The two videos document the social activism of the CVL at the end of the 1960s and both let us hear the words of Bobby Gore, the CVL spokesman, explaining how the CVL transformed from a gang to a pro-community organization. Lord Thing ends with the arrest of Gore and repression of the black liberation movement. Holy City sees the Vice Lords of the 60s as more scam than real and uses police testimony to question the motivation of Gore and his colleagues.
What happened in the 1960s? The black liberation movement caused a crisis in the identity of gang members in Chicago. While the Vice Lords were expanding and becoming the first of Chicago's multi-neighborhood "super-gangs" they also were deeply effected by the civil rights and black liberation movement of the times. As in the movie on the LA's Crips and Bloods, the Vice Lords and other black Chicago street gangs were not exempt from the rising political and racial consciousness of African Americans.
The Vice Lords "went conservative" and built businesses, received foundation funding, and even organized an open house for police! While in 1968 homicide began to skyrocket in black Chicago neighborhoods, in Lawndale it dropped by nearly a third. But the Vice Lords were seen as a threat by the Democratic machine. It was not the assassination of Dr. King that ended the CVL's programs, as Gangland asserts, but the 1969 "war on gangs" of Mayor Ricard J. Daley.

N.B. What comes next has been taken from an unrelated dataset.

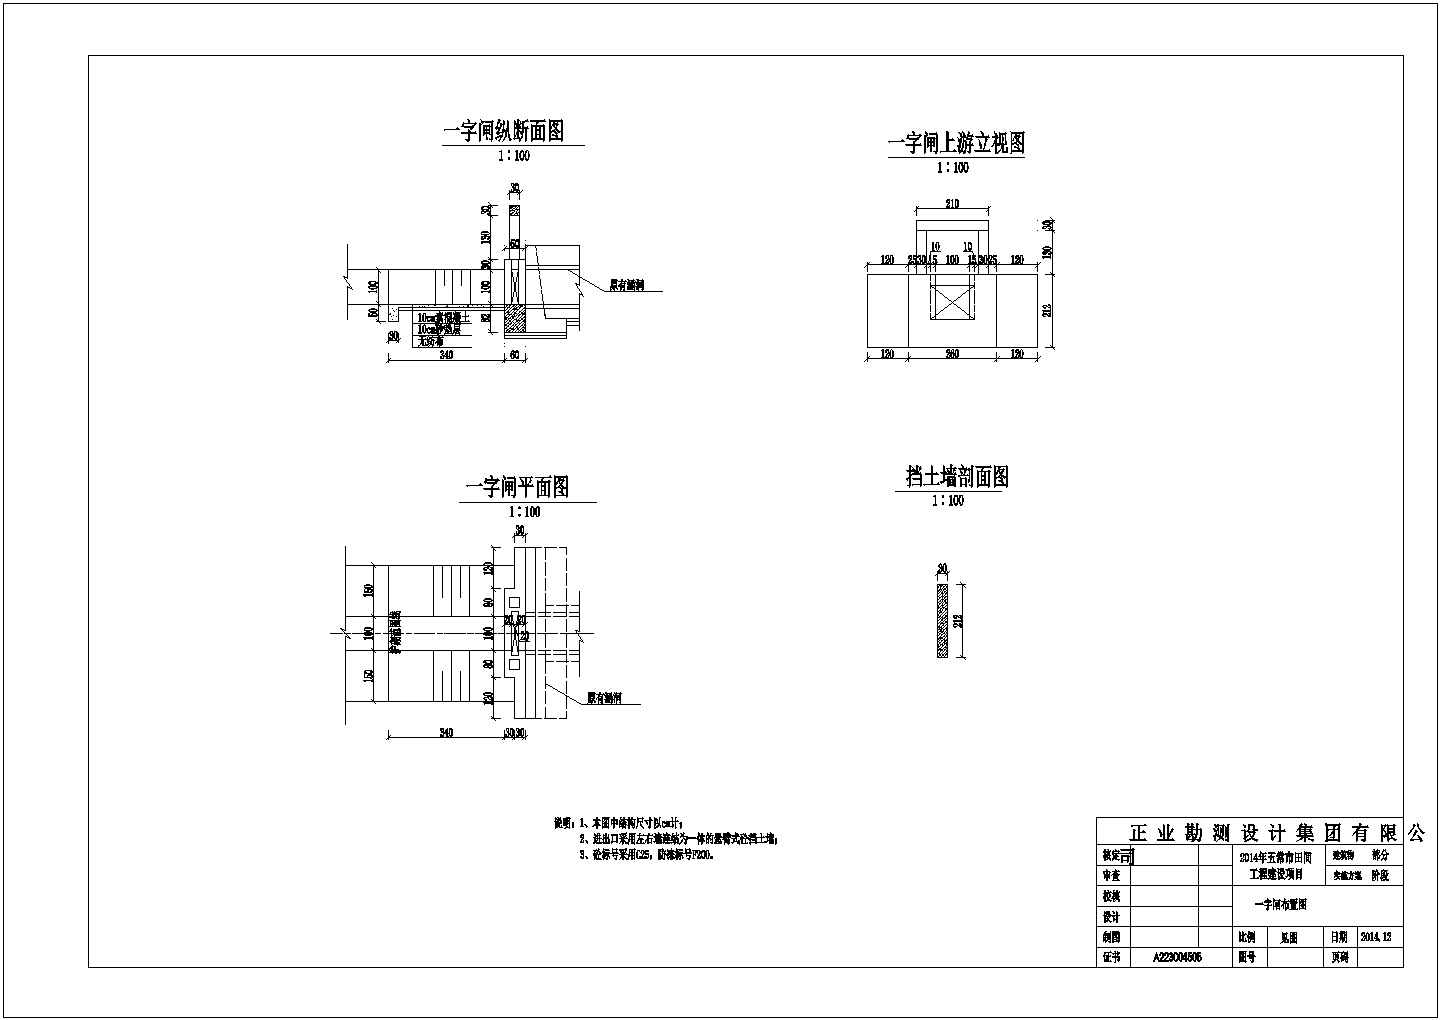 【五常】2014年田间工程建设项目图纸
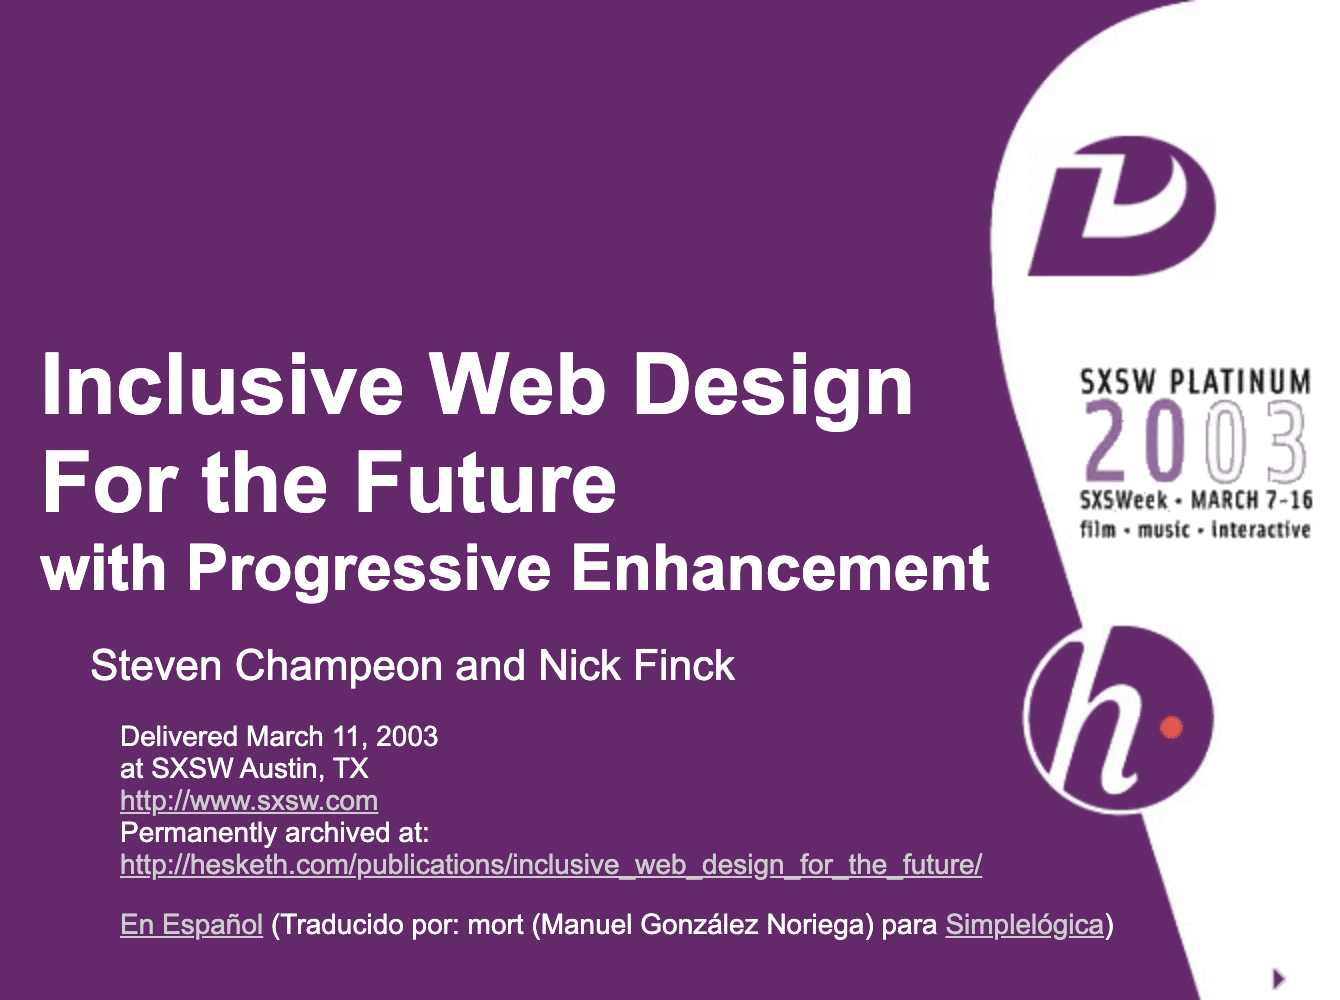 Web design inclusivo para o futuro com aprimoramento progressivo. Slide com título da apresentação original de Finck e Champeon.

Gang leaders were arrested across Chicago including Bobby Gore on a questionable murder charge. Two weeks after Gore's arrest, Daley's States Attorney Edward Hanrahan led the police raid that took the life of Fred Hampton of the Black Panthers. CVL programs were de-funded and the heroic efforts of the men and women of the CVL ended in "shattered dreams." (For my own more complicating view in a video documentary, click here).
But to hear Gangland tell the "Holy City" story, the Vice Lords of the 1960s were really about stealing money to buy guns and continue on a crime spree. Their social programs were a hoax. While the Holy City allows Bobby Gore and Bennie Lee to speak, their arguments are quickly rebutted by "authoritative" police spokesmen. The Vice Lords, we are told, are now and always were a "vicious gang" made up of "career criminals." The Holy City's message is that despite an "appearance" of doing good, the Vice Lords are really one thing: bad.
Lord Thing is a corrective to this tale of evil. But the notion that the Vice Lords were proto-revolutionary organizations (one Lord Thing scene shows demonstrators chanting "Ho, Ho, Ho Chi Minh") is also misleading. The Vice Lords were and are a street gang, one immersed in the life of survival on the streets and masculine contests of violence. While the CVL created a wonderful "Art and Soul" art studio alongside numerous commercial and cultural ventures, gang violence and criminal activities never ceased. While homicide dropped in 1968, it was still much higher than in most Chicago neighborhoods and rose again in 1969 to among the highest rates in the city.
Chicago's Hull House has begun an important "CVL Traveling History Museum" to memorialize the heroic efforts of Gore and other CVL leaders to transform their gang. They remind us as well that the Vice Lords were made up of men and women who accomplished some amazing things. Their intention is to teach Chicago, and particular African American youth, that the life of the streets does not have to mean drugs and violence. There is another way and the CVL of the 1960s is a prime example. Youth can take a path of social activism, not gang-banging.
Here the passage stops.